Registration finding: the server hand-mounts routes (.route(...)) beside a manual #[openapi(paths(...))] list, not utoipa-axum's OpenApiRouter/ routes!. This PR followed the existing manual pattern (one .route + one paths(...) entry + the #[utoipa::path] annotation) rather than migrating registration — the migration is a worthwhile but orthogonal cleanup, deferred.

Non-goals

  • No localhost-server funnel for the embedded path. Routing embedded use through a daemon would destroy the embedded/CLI/test story to buy parity the trait + matrix already provide.
  • No trust-model unification. --as vs bearer-resolved actors stay.
  • No spec-codegen for the Rust client (see Phase 2).
  • No change to plane-restricted command availability — maintenance stays storage-direct by design; Phase 4 only makes the restriction explicit.
  • No config-authority work — that was RFC-008, already landed through stage 4; this RFC neither accelerates nor blocks stage 5, though Phases 45 make the eventual yaml-boot removal a smaller diff.

Compatibility

  • CLI --json output is observable contract; Phase 1 freezes it before Phase 3 moves code. Any field-level unification that changes output is a deliberate, release-noted decision, not a refactor side effect.
  • Error-message text for mis-planed commands changes in Phase 4 — release-note it (Hyrum).
  • openapi.json should be byte-stable through Phase 2 if the DTO move is faithful; the regeneration test enforces this.

Testing

  • Phase 1 matrix is the spine; it must stay green, textually unchanged, through Phases 23 (the storage-collapse playbook).
  • Phase 2: openapi.rs byte-stability + existing server tests.
  • Phase 4: one test per capability class asserting the deliberate error.
  • Phase 5: parity matrix leg for load flips to /load; an /ingest shim test stays until removal.

Open questions

  1. Crate granularity: one omnigraph-api-types crate vs folding into an existing one. (Leaning separate: server and CLI both depend on it; the engine must not. The #139 extraction already answered this with a separate crate that reviewed clean.)
  2. Does the query/read streaming path (NDJSON export) fit the trait, or is export a documented per-impl method? (Streaming over HTTP vs an iterator over the embedded engine differ in shape, not content.)
  3. Whether graphs list belongs on the trait. Answered by the two-surface architecture: the embedded impl enumerates the cluster catalog (read_serving_snapshot exists for exactly this), never omnigraph.yaml (deprecated, RFC-008). graphs list becomes Both-capability: remote = GET /graphs (policy-gated), embedded = catalog enumeration from a cluster storage root.

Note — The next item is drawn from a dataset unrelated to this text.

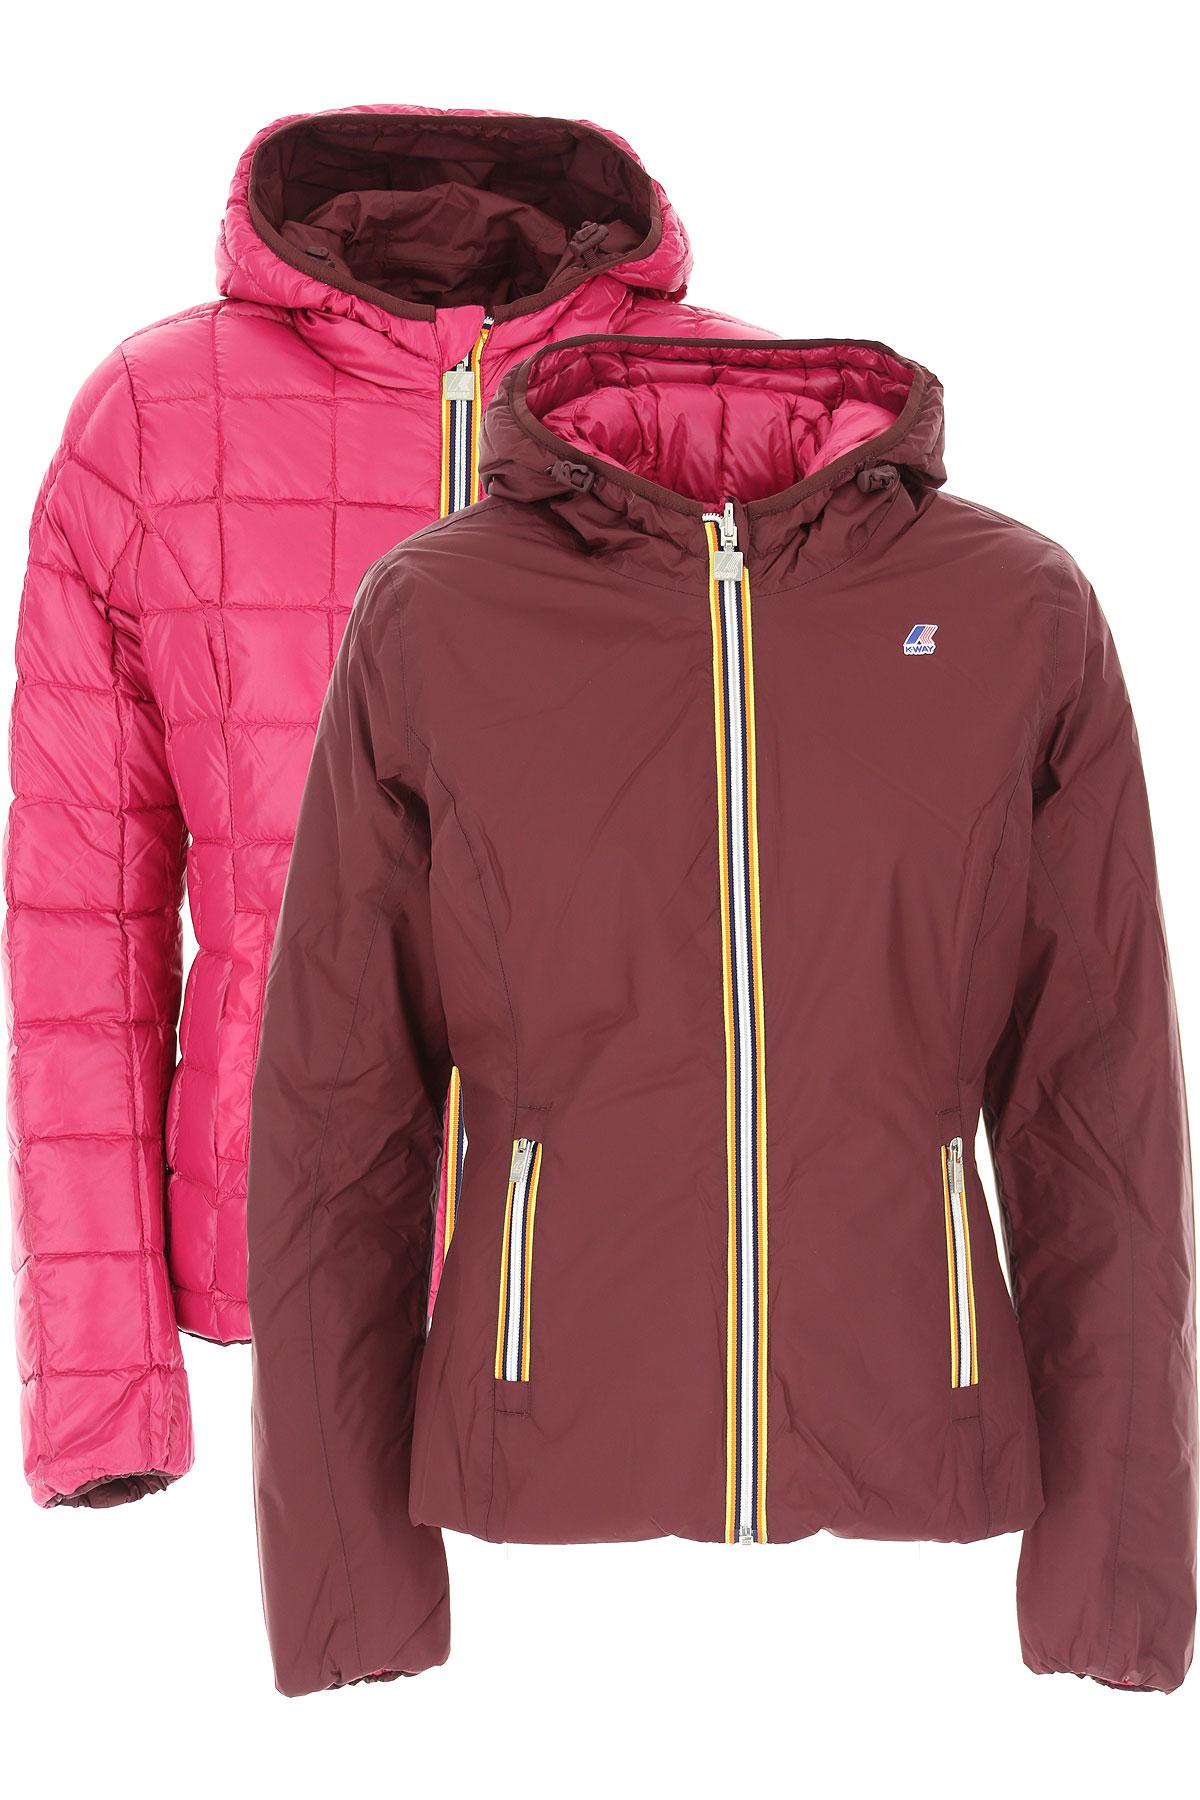 K-Way Down Jacket for Women, Puffer Ski Jacket On Sale, Wine, polyamide, 2019, 46

Relationship to prior work

The third application of the same principle in this lineage: storage adapters (collapsed to one implementation + an executable contract — and its CAS/flush bugs were exactly the no-referee class), recovery liveness, and now access paths. RFC-007 supplied the addressing and credential surfaces RemoteClient consumes; RFC-008 removed the competing config authority; RFC-002 remains the umbrella whose remaining unimplemented pieces (GraphLocator, the State layer) would build on the trait introduced here rather than on per-command forks.